すみません、御言葉に甘えさせていただき大分お時間を頂きました。

一先ず本編をどうぞ!

あ、ちょっと短めです。


2018.07.14.
一部に矛盾が生じていたので表現を変更いたしました。
「狼じゃなくて狸」

「青狸」


『stage4:この出会いにも祝福を!』

「謝って! ねえ謝って!!!」

 

「サーセン」

 

「あなたに私の気持ちが分かる!? ねえってば!!!」

 

「・・・・・・サーセン」

 

「私、私ってば―――、

 

 

 

 

 ――――粘液と血に塗れながら射出されたのよ!?」

 

 

 

「ホントサーセン」

 

 

 土下座である。

 猛虎落地勢とか、平身低頭覇とか、世代によって名前が変わったり変わらなかったりするが、つまるところの土下座である。

 相手?

 勿論アクア先輩だよ。

 いやまさか、カエルが破裂して、その勢いでパイセン発射されるとか誰が予想できるよ。

 そしてそのままそれなりに高い耐久力もあってべしゃっと地面と抱擁。

 耐久力が高いステータスだから多分大丈夫だよねなんて脳裏で考えたが、何せ血まみれだから考えれば考えるほどに心配になってきた。

 なので恐る恐る近づくと、ガバリと起き上がった先輩に抱きつかれた。

 反射的にぶっ飛ばしそうになったが流石にそれはと思い留まったのが運の尽き、避ける暇もなく無駄に高いステータスもあって抱き付かれてしまう。

 まあでもあまりの生臭さに結局ホールドを解いて離れた。

 そしたら幽鬼の如く追いかけて来るもんだからそこから暫くは鬼ごっこだ。

 ただ、いや、当然ながらというべきか、近接用ステータスを持つ俺に先輩が追いつけるはずもなく、ついには座り込んで泣き始めてしまった。
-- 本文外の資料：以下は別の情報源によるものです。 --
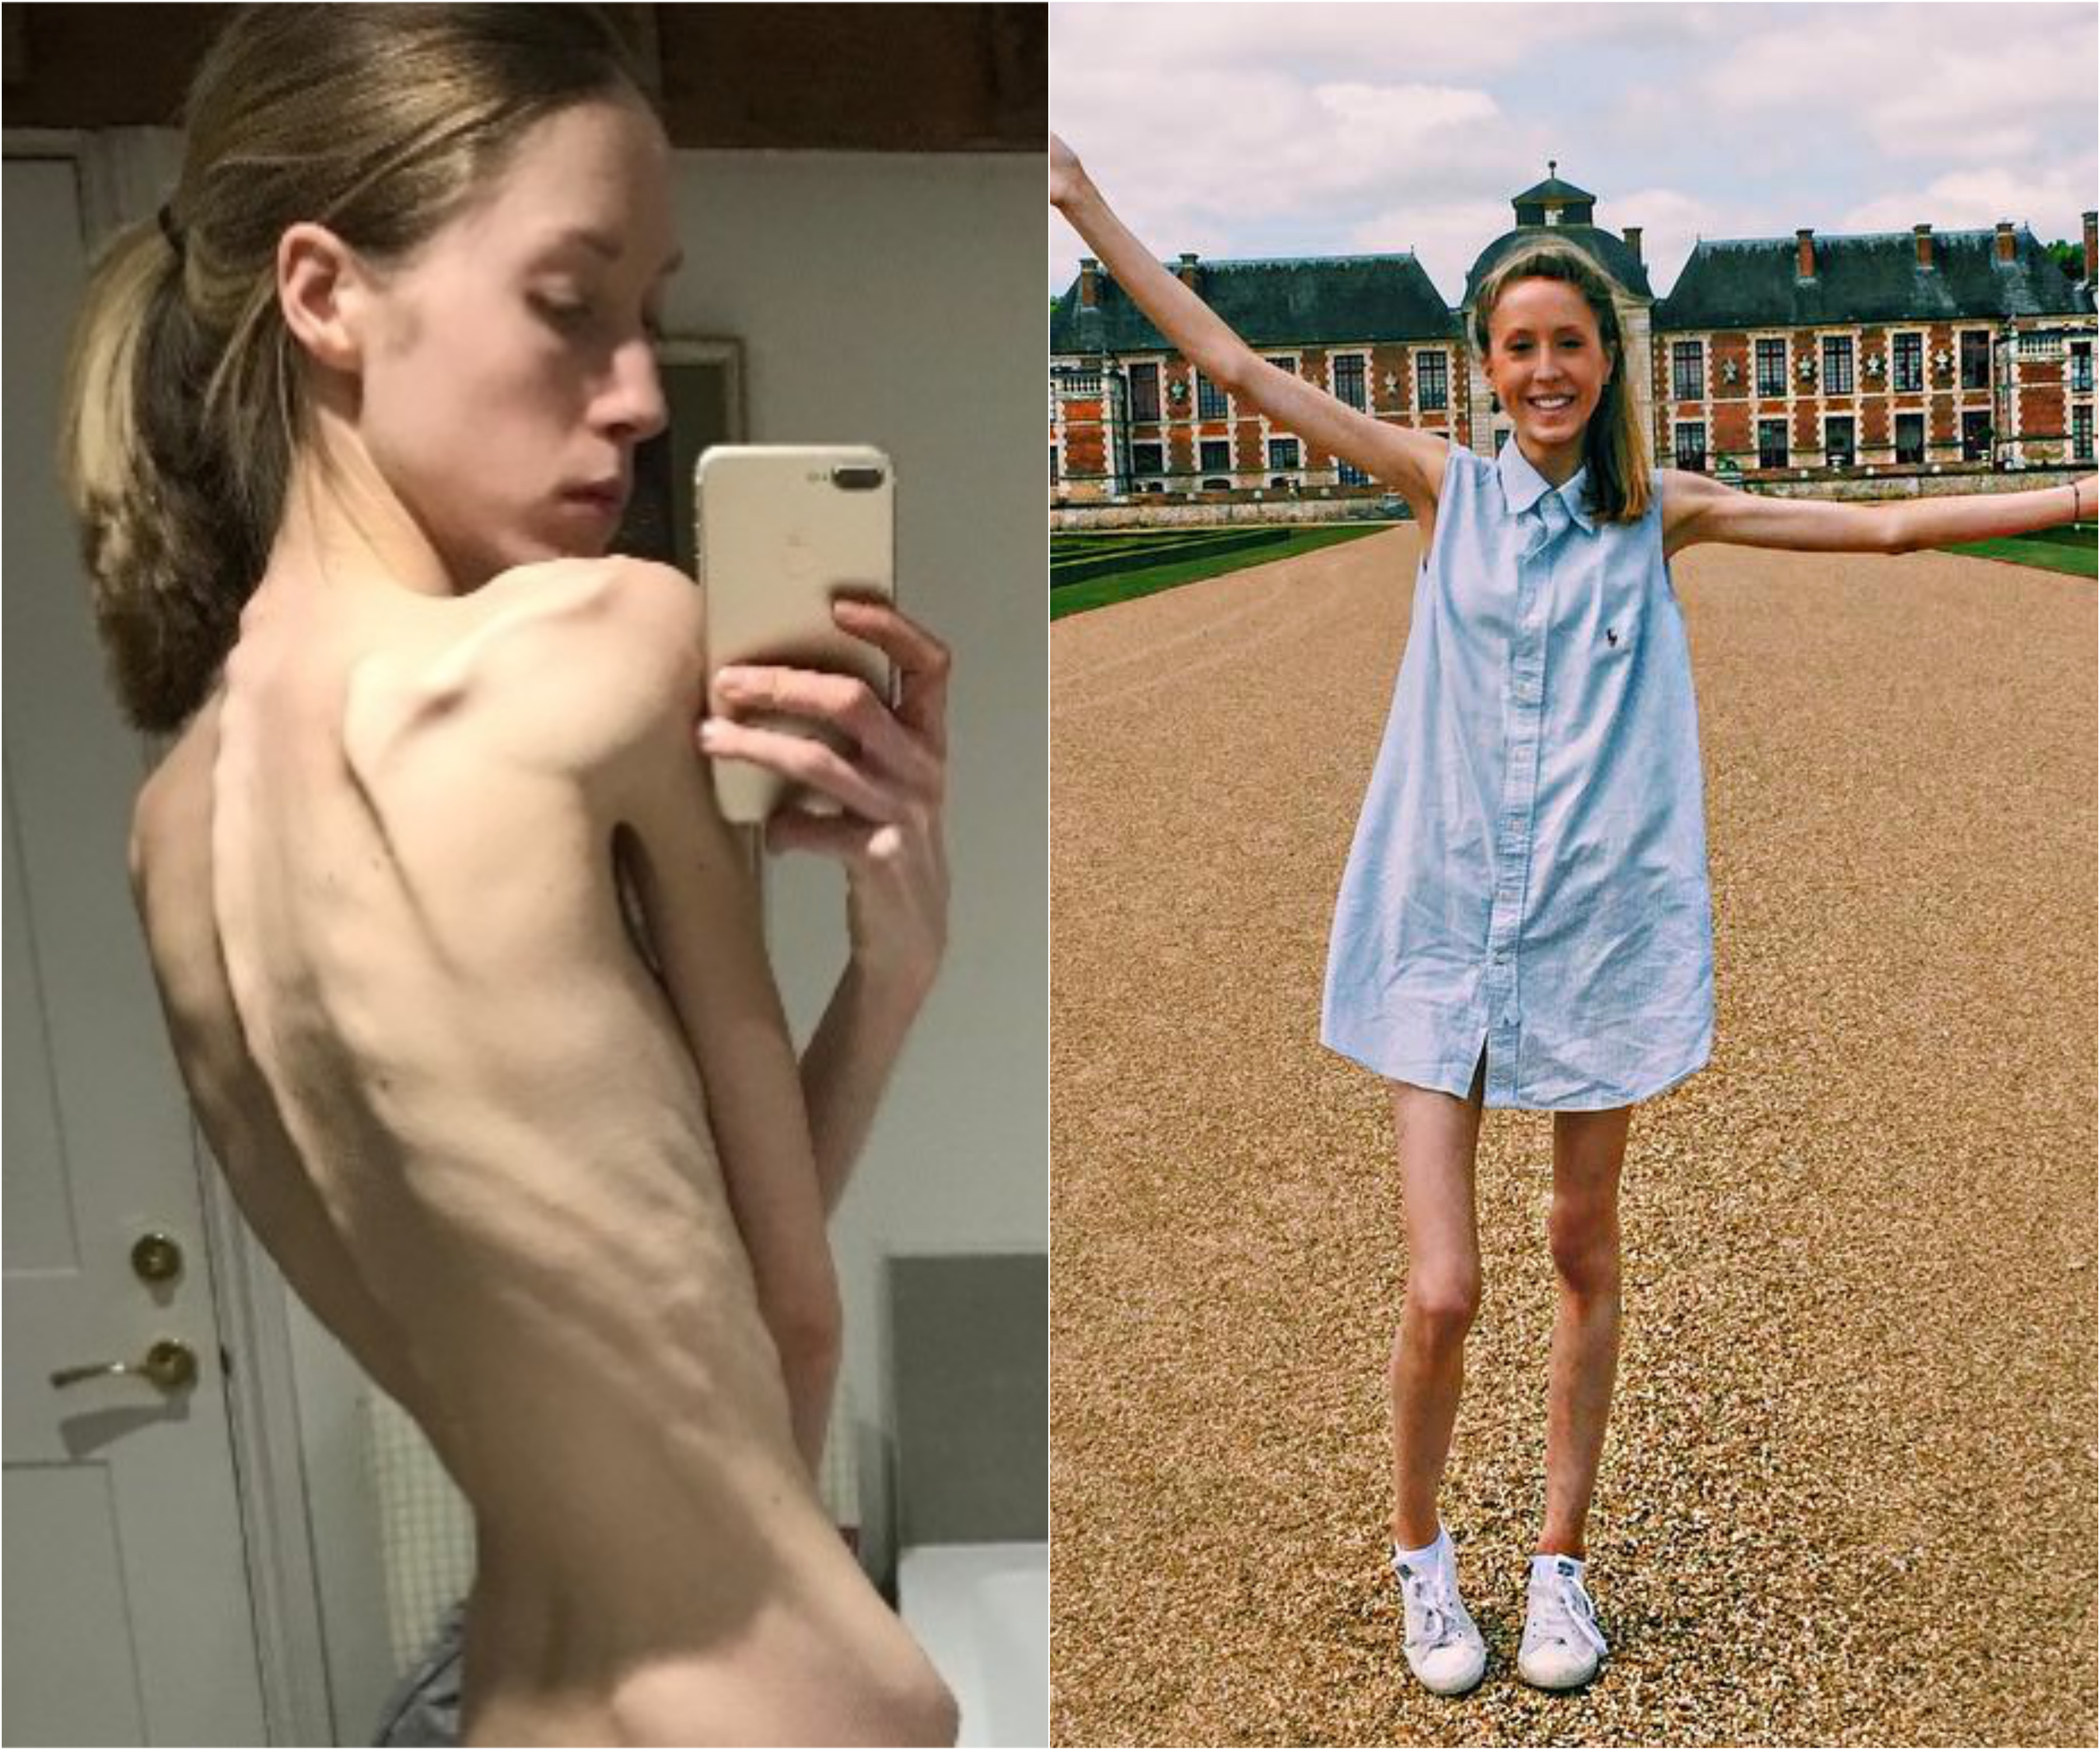 Фото до и после госпитализации. Фото © Instagram/jemimahepburn

今ここ。

  

「なあアクア、そろそろ泣き止んでくれよ」

 

「ほんとごめんなさいセンパイ。クエストも終わったし帰りましょうよ」

 

 ジャイアントトードを残り4匹討伐する必要があったのだが、それに関してはアクア先輩が大声で泣きわめくもんだから続々と寄って来るのですでに規定数以上を討伐し終わっていた。

 こっちにタゲが来るもんだからカズマもバックアタックで何体か倒していたし、それなりに戦闘経験になったことだろう。
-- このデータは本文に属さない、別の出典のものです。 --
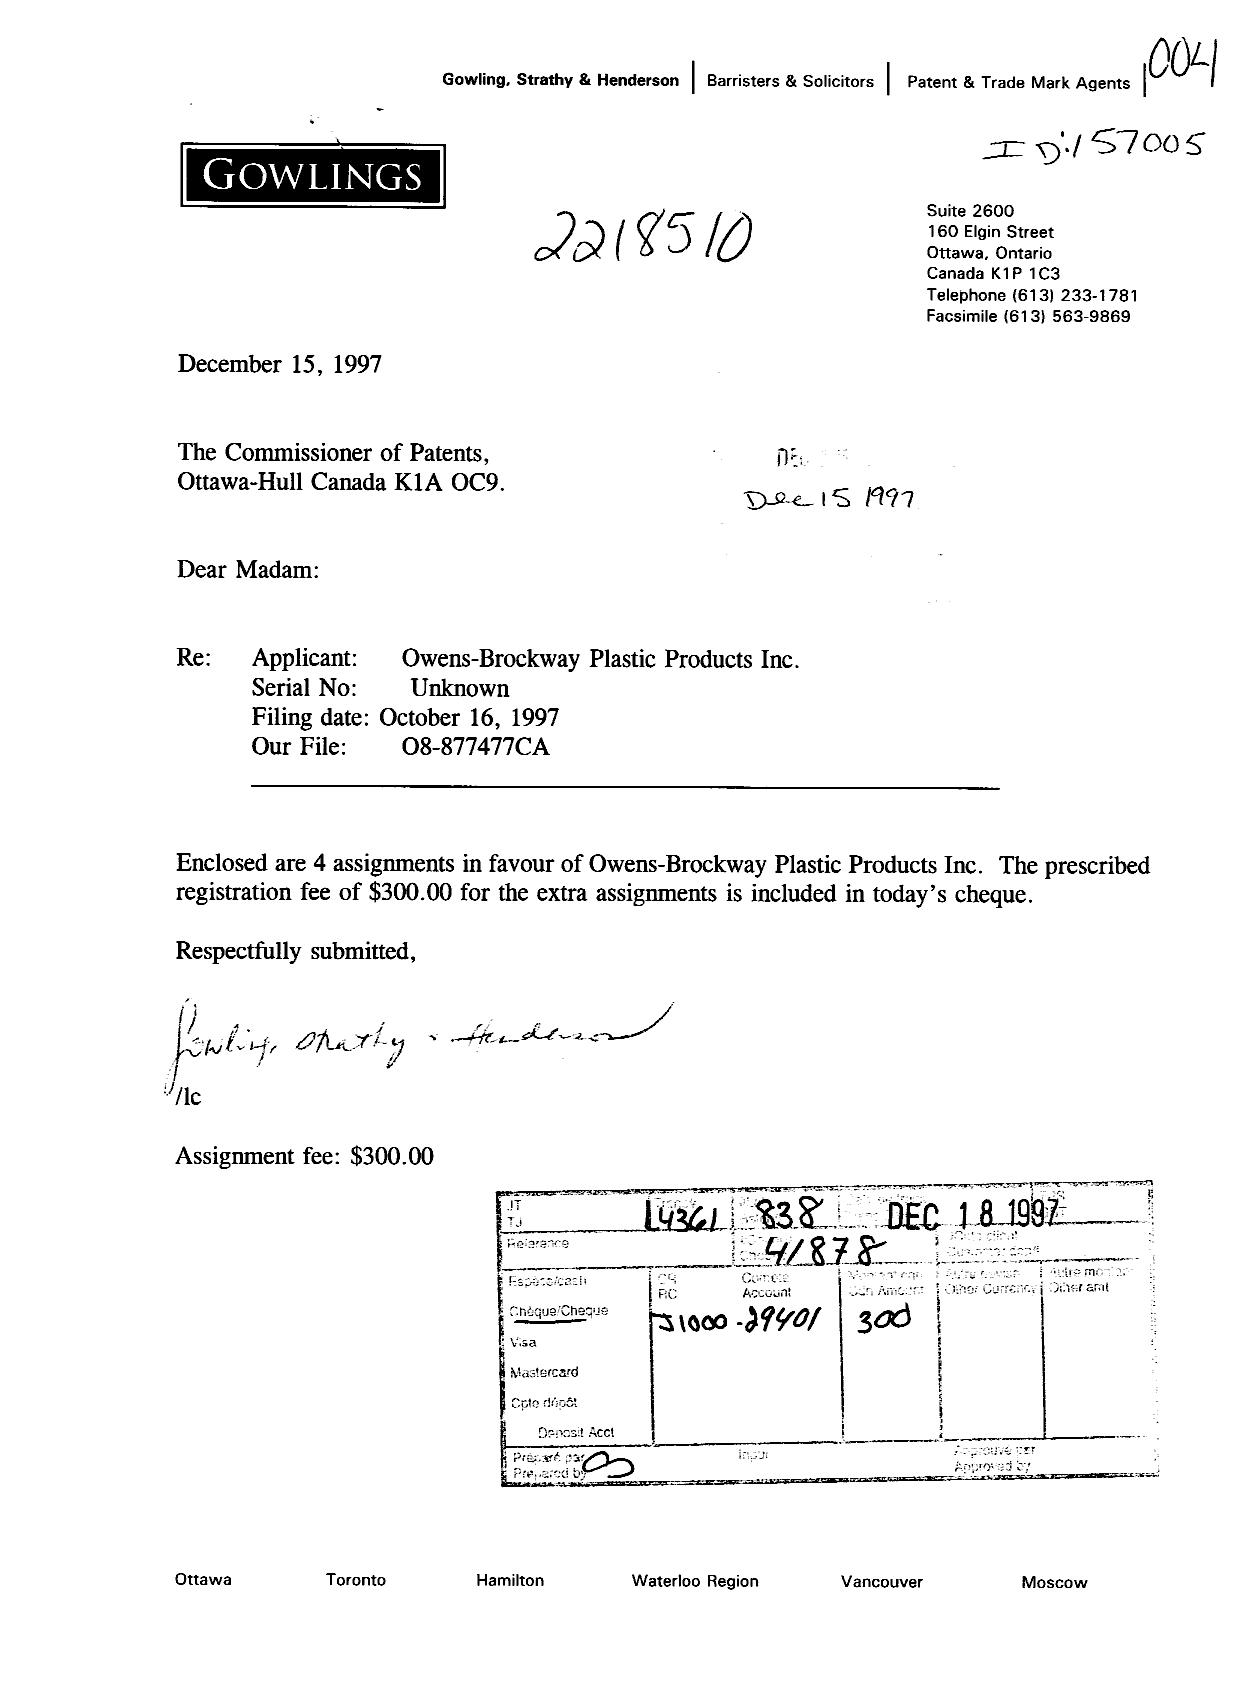 Document de brevet canadien 2218510. Cession 19971215. Image 1 de 6

 ただ、それが終わってもアクア先輩は泣き止んでいなかった。

 というかたまにチラチラとこちらを見ているから確実に嘘泣きというやつだろう。

 それを見たカズマが、ちょっと口をひきつらせながら近づく。

 

「いい加減にしろ駄女神! こちとら初戦闘でヘトヘトなの! さっさと風呂に行って飯食べるぞ!!」

 

 そりゃそうだよな。

 ステータス以前に、現代っ子があんな巨大な蛙を何度も斬ったのだから肉体的にも精神的にも疲れるのは仕方がないだろう。
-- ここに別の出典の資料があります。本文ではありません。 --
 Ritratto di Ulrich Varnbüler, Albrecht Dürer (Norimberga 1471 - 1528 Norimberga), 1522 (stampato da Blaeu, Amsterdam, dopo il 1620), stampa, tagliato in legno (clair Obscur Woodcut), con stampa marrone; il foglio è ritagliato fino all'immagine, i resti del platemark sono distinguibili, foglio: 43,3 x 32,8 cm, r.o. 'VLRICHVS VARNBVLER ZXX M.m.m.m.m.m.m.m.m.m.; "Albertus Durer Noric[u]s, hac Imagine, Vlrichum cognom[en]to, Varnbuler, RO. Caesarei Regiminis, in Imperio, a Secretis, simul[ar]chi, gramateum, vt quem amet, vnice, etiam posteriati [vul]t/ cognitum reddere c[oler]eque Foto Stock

 実際カズマの姿は泥に汗に返り血にと、一張羅のジャージはえらく草臥れたものになっていた。

 確かにジャイアントトードの意識はこちらに向いていたが、あいつらも当然生きているのだから一撃死でもしないかぎり傷を負えば意識はそちらに向く。

 カズマもそれを踏まえて動いてはいたが限界はある。

 武術などで心構えを身に付けている訳でもない一般人が自分より大きい生き物を初めて斬るのだから心の疲弊も相当な物だろう。

 

 そんなカズマの姿に流石のアクア先輩も気まずくなったのか、今度は頬を膨らませてこちらを睨んでくる。睨むと言っても可愛いだけなので何とも微笑ましいが。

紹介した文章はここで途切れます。